Son zamanlarda güvenlik birimlerinin Çatı ve Armonika gibi Gökova’nın en güzel koylarını eğitim amaçlı kullanmaya karar verdiklerini öğrendik.5-6 koyun denizden de, karadan da girişi yasaklandı.Şimdi yetmezmiş gibi Ayın koyunu da bu plana dahil etmişler ve giriş-çıkışı yasaklamışlar.Bu demektir ki, Okluk’un da içinde bulunduğu İngiliz ve Hırsız koylarından başlayıp,Çatı’ya kadar uzanan bir alanı deniz turizmine ve amatör denizcilerin kullanım alanına kapatıyorlar.Bunun Türk turizmine ve denizciliğine vurulacak çok ağır bir darbe olduğunu bilmeliyiz.
Özel harekat polislerimiz elbette eğitim yapacaklar ve güvenliğe yönelik ciddi önlemlerini mutlaka alacaklardır.Ama bunun yeri koylarımız olamaz.Koylarda atış poligonları,dalış kampları yapılır mı?Atışlar için dağlar ne güne duruyor,dalışlar için Beykoz Çubuklu’daki modern merkezimiz yetmiyor mu?Şehirlerin poligon noksanı mı var?Polise dalış öğretilecekse,SAT komandoları gibi yetiştirileceklerse,o takdirde Güney Deniz saha Komutanlığı onlara her türlü desteği verebilir.Bana kalırsa yapılmak istenen şey,eğitim amaçlı görüntü altında üstdüzey personele yazlık kamp yada tesis yaratma gayretidir.Yoksa polis heryerde eğitimini rahatça yapabilir.
Geçmişte buna benzer bir olayı birebir yaşadım.Rahmetli Cumhurbaşkanı Özal için Okluk’taki kulübeyi yaptıktan sonra,peşpeşe askeri talepler gelmeye başladı.Havacılar yandaki,karacılar karşıdaki koyu istiyorlardı. Gerekçe eğitim ve koruma,amaç ise yazlık kamptı.Konuyu dönemin Genelkurmay Başkanı Doğan Güreş ile görüştüm ve rahmetli Özal’ın desteğini de arkama alarak,girişimleri engelleyip koyların turizmin ve halkın hizmetinde kalmasını sağladım.

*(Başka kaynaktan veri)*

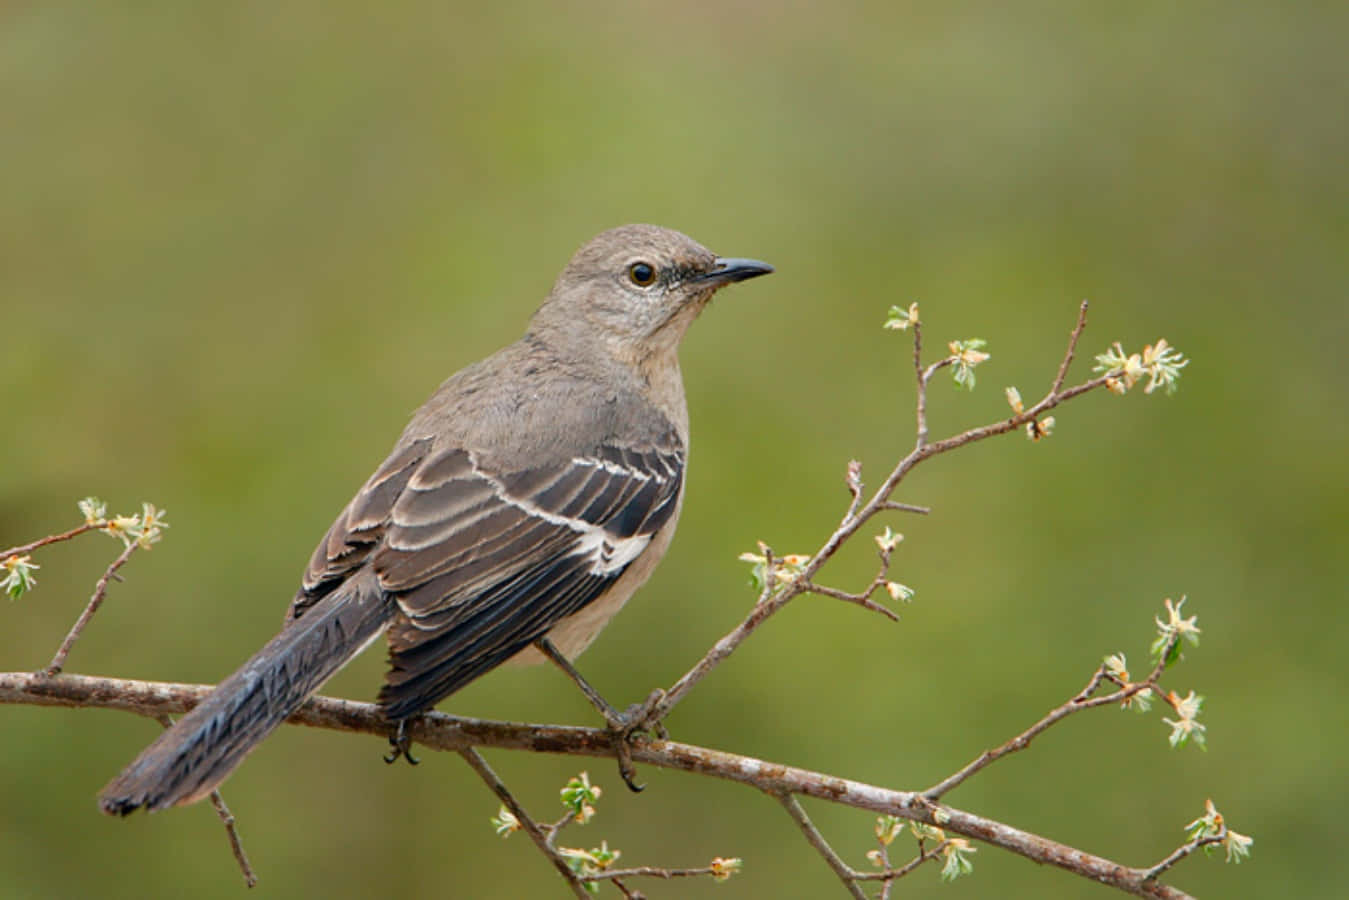 A Mockingbird perched on an old tree

Allah uzun ömürler versin Güreş Paşa hayatta,dileyenler sorabilir.Bugüne bakıyorum da,rahmetli Özal dönemiyle mukayese bile edemiyorum.Nur içinde yatsın rahmetli Özal doğanın içinde 4 koruma polisiyle yaşıyor,tek başına karşı koylara yüzüyor,teknelere çıkıp turistlerle sohbet ediyordu.
Herneyse,biz yine tehlike ve tehdit altındaki koylara dönelim.Buraları hemen açmalı,yollarına koyduğumuz (giriş yasak)tabelalarıyla kalın zincirleri acilen kaldırmalı ve ülke turizmine vereceğimiz ağır zarardan süratle dönmeliyiz.Biz denizciler turizmimiz ve amatör denizciliğimiz zarar görmesin diye çırpınırken,bana göre başarılı işler yaptığı için görevinde kalan Turizm Bakanı Mehmet Ersoy niye konuya duyarlı davranmıyor?Yoksa sadece kara turizminden sorumlu mu görüyor kendini?Bakanlık koyların önemini,değerini ve ülke turizmine kazandırdıklarını bilmeyebilir.Ama bilmemek değil,öğrenmemek ayıp.Bu konularda Türkiye’mizin yetiştirdiği çok kıymetli uzmanları,bilginleri,kaptanları var.Onlardan yardım almak da mı gelmiyor akıllarına?
Turizm Bakanının gücü bu konuyu çözmeye rahatlıkla yeter.Cumhurbaşkanı veya İçişleri Bakanı ile görüşür,durumun ciddiyetini etraflıca anlatırsa,soruna kolayca çare bulabilir.İsteğimiz koylarımızın rahat bırakılması,deniz turizmine ve trafiğine kapatılmamasıdır.Hükümetler gelir gider,ama koylarımız gitti mi,böylesine değerli varlıklarımız bir daha geri gelmez.